_Data provided_
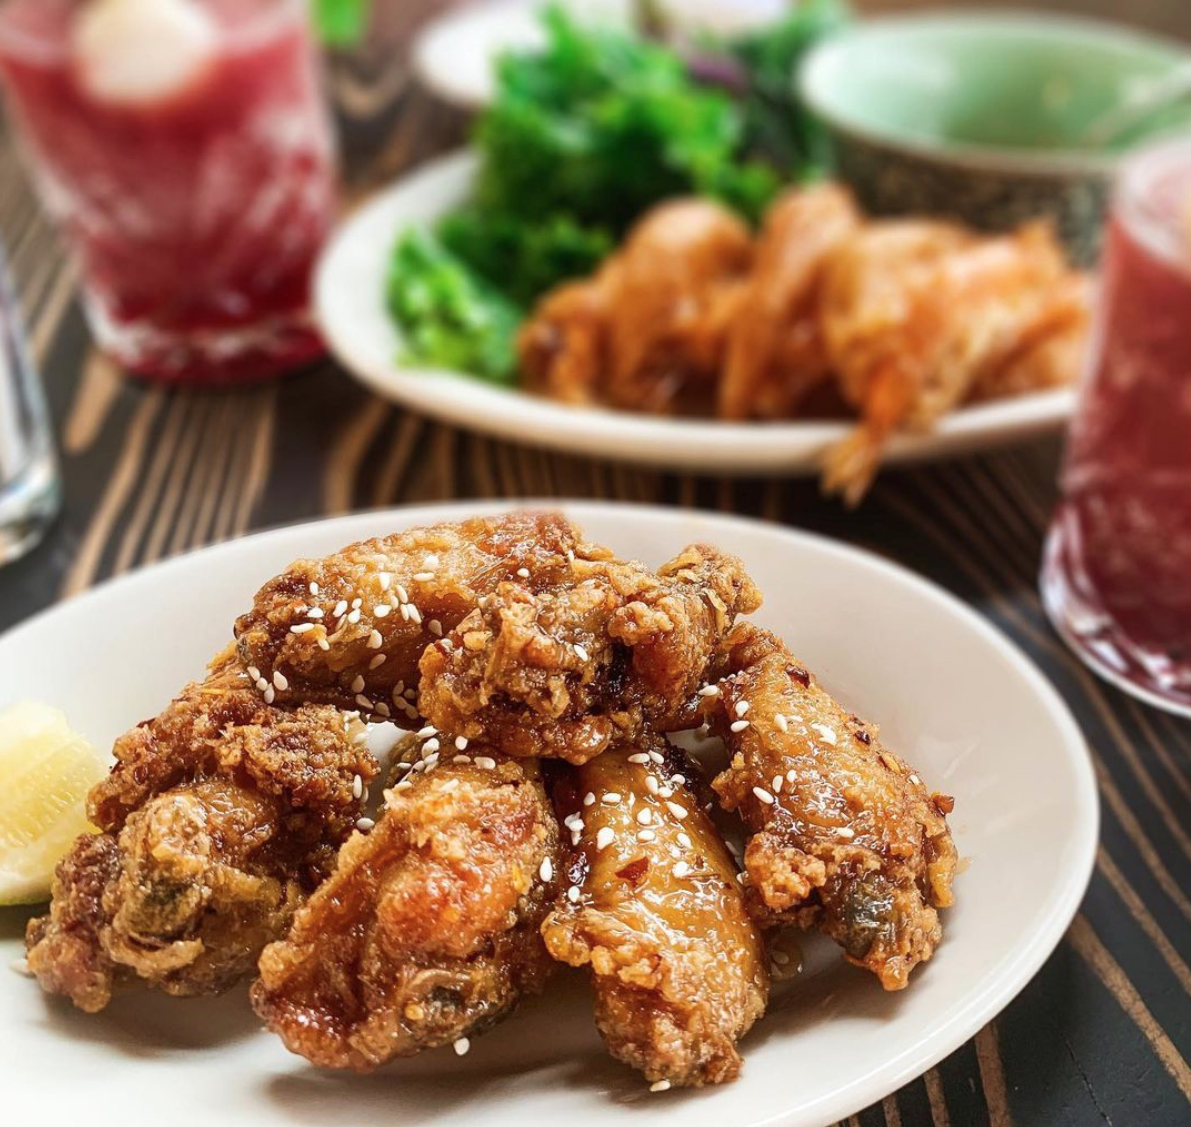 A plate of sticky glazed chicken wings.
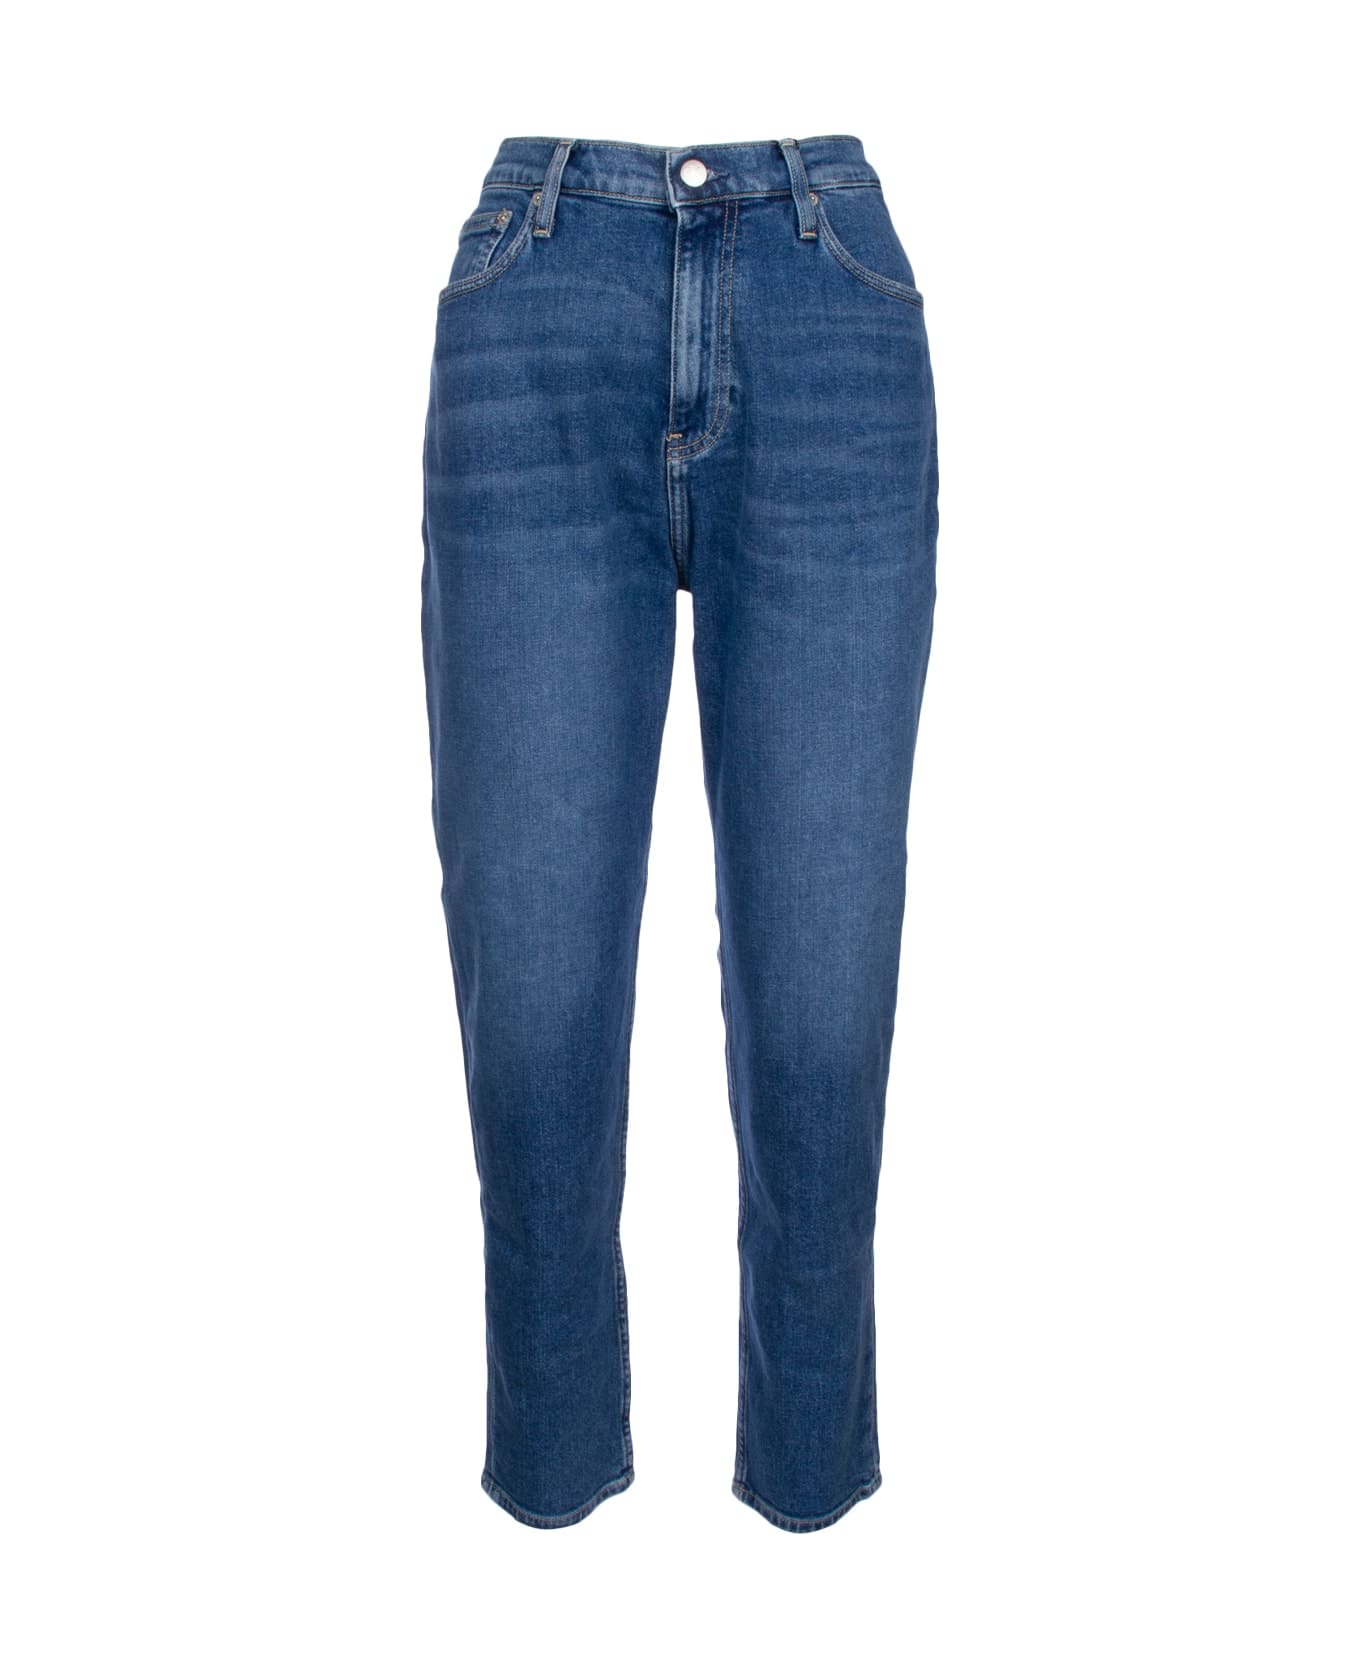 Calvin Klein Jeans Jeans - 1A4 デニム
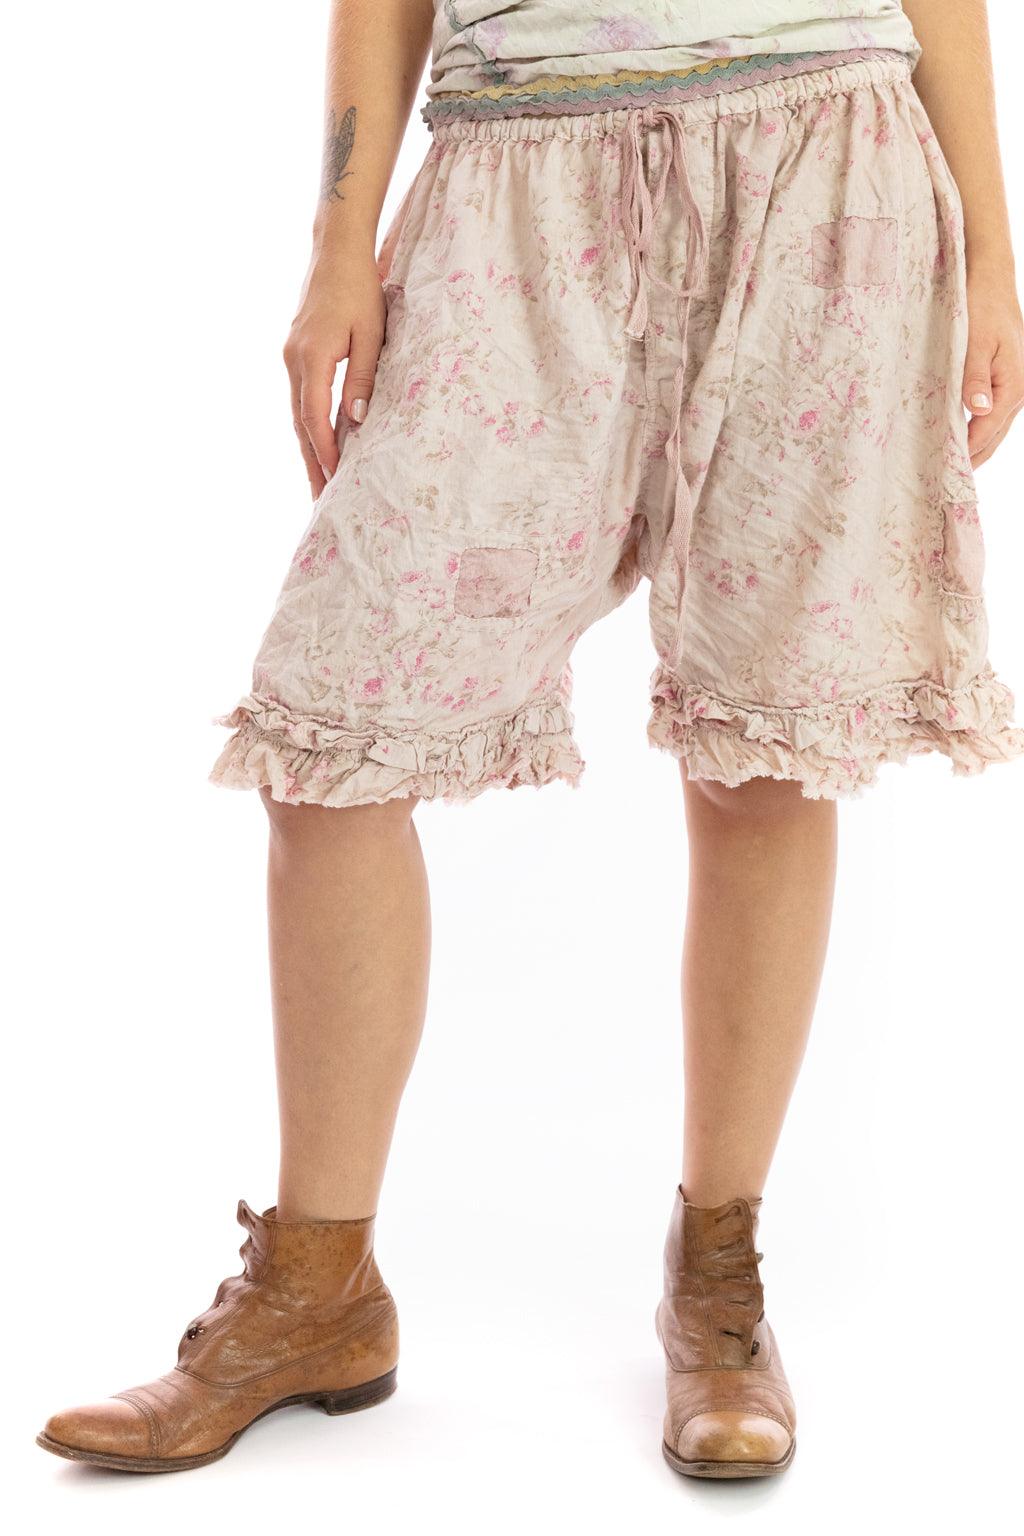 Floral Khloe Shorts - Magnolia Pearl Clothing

_The task_
Where a line contains "Calvin Klein Jeans Jeans - 1A4 デニム", begin there and set down exactly each line through the end of the data above, omitting any pictures.

_Reply to the task_
 Calvin Klein Jeans Jeans - 1A4 デニム
 Floral Khloe Shorts - Magnolia Pearl Clothing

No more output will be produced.